Forty four

Tuesday marked my 43rd birthday. The beginning of my 44th year of life. I have spent every one of those years, or as far back as I can remember, living with fear and regret. Fear of doing something wrong and regret for every mistake I've ever made. And I beat myself up at each step of that ugly cycle. A dear friend from college recently sent me a message to my Facebook inbox, reminding me of two boys I stupidly slept with in college (she'd recently seen both of them for the first time in years), and I was right back at it again. I've been happily married and off the destructive path I spent so much of my life on (looking for love with every hookup, allowing men who did not care for me to use my body for their entertainment, judging myself when they turned out to be unworthy) for years, but still I spent hours remembering how I behaved back then, how little I cared for myself, what a bad person that made me. And I'm here to tell you now: forty three years of hating myself is enough.

Enough.

ENOUGH!

No more.

I hereby pledge - to myself, first and foremost - to spend the next year focused on finding ways to love myself as I am AND make changes to live a healthier life both mentally, emotionally, and physically. I've tried so many times to "fix" my body with restrictive diets and punishing physical regimes, but there's nothing wrong with my body...if anything, it's miraculous in the way it has survived all of my crazy "lose weight now!" schemes, the looking for love in all the wrong places, and the complete lack of love or appreciation and still carried on. I need to celebrate my body, to cherish it, and to do everything in my power to take better care of it and build a healthy life that will support it instead of tearing it down.

Inspired by my blog friend, Lori (whose blog I cannot link to due to stupid trolls), I am going to post a picture here each day showing something I've done in the prior 24 hours in support of my pledge. And the biggest thing I've done today to help me stop beating my body up and start living a healthier life is writing this post, so here's my first picture:

Comments

neca said…
I have many issues similar to yours in terms of self loathing and viewing exercise & restrictive diets in a punishing way.

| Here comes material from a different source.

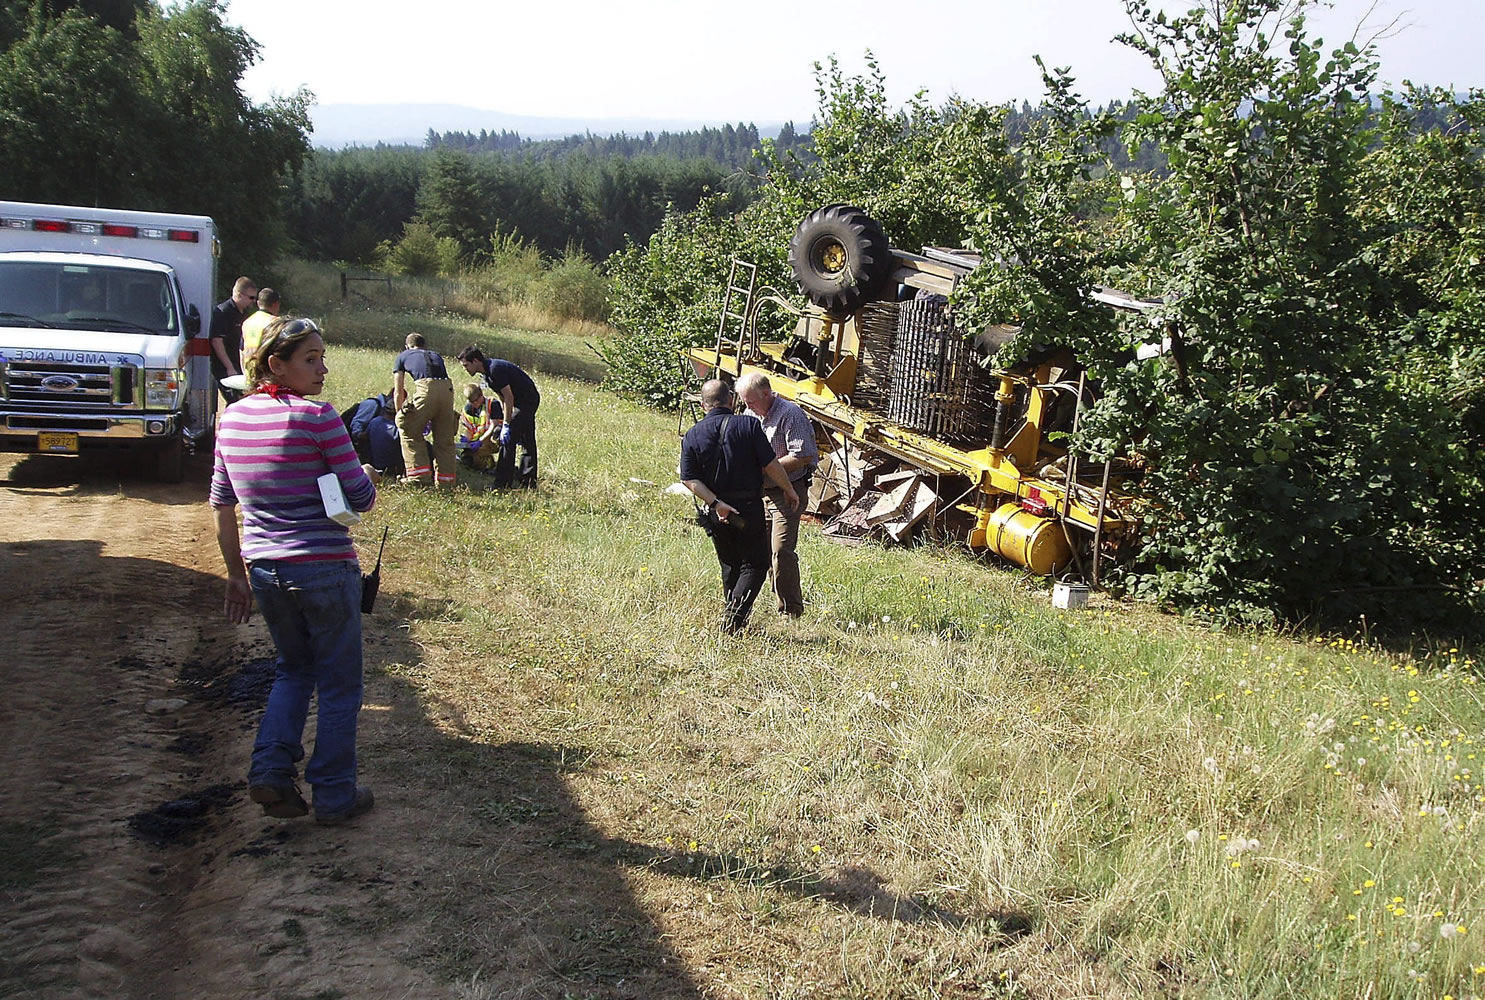 Clackamas County Sheriff's Office
Emergency crew officials work on the scene where a berry harvester flipped over at a farm near Sandy, Ore., on Monday. Two workers suffered broken legs and four others sustained minor injuries.

One thing that is helping me (and I know how nutso this sounds) is to engage in a positive dialog with my body - thank it for all it does, tell it that I'm doing yoga to strengthen it and help ensure it's continued health.

Writing that feels a bit asinine, but by reminding myself in that way that I'm doing stuff like yoga and water aerobics and choosing healthy foods to support my body instead of punishing it really does seem to help.
JessiferSeabs said…
"...off the destructive path I spent so much of my life on (looking for love with every hookup, allowing men who did not care for me to use my body for their entertainment, judging myself when they turned out to be unworthy) for years..."

I could have written that myself. Big time. I totally get it. I posted some confessions today that relate to the OTHER sins of my past and how they are presenting themselves again and I'm trying to fight a lot of old demons.

Forgive, forgive, forgive... You are a wonderful person.
Jenn said…
Happy birthday, I hope this year is as great as you deserve :)
MargieAnne said…
Forgiving self is the most rewarding experience but it's also the hardest.

Another thing I do is remind myself of all the people who love me whether I deserve to be loved or not. That's a revealing list.

Love to you Denise and keep writing,
Shauna said…
Fantastic post and a great pledge... looking forward to these posts too. here's to a fab year for you comrade.

(Just think by next b'day we'll have met, woohoo!)
Melissa said…
Happy, Happy Birthday! What a great gift to yourself! You DESERVE IT!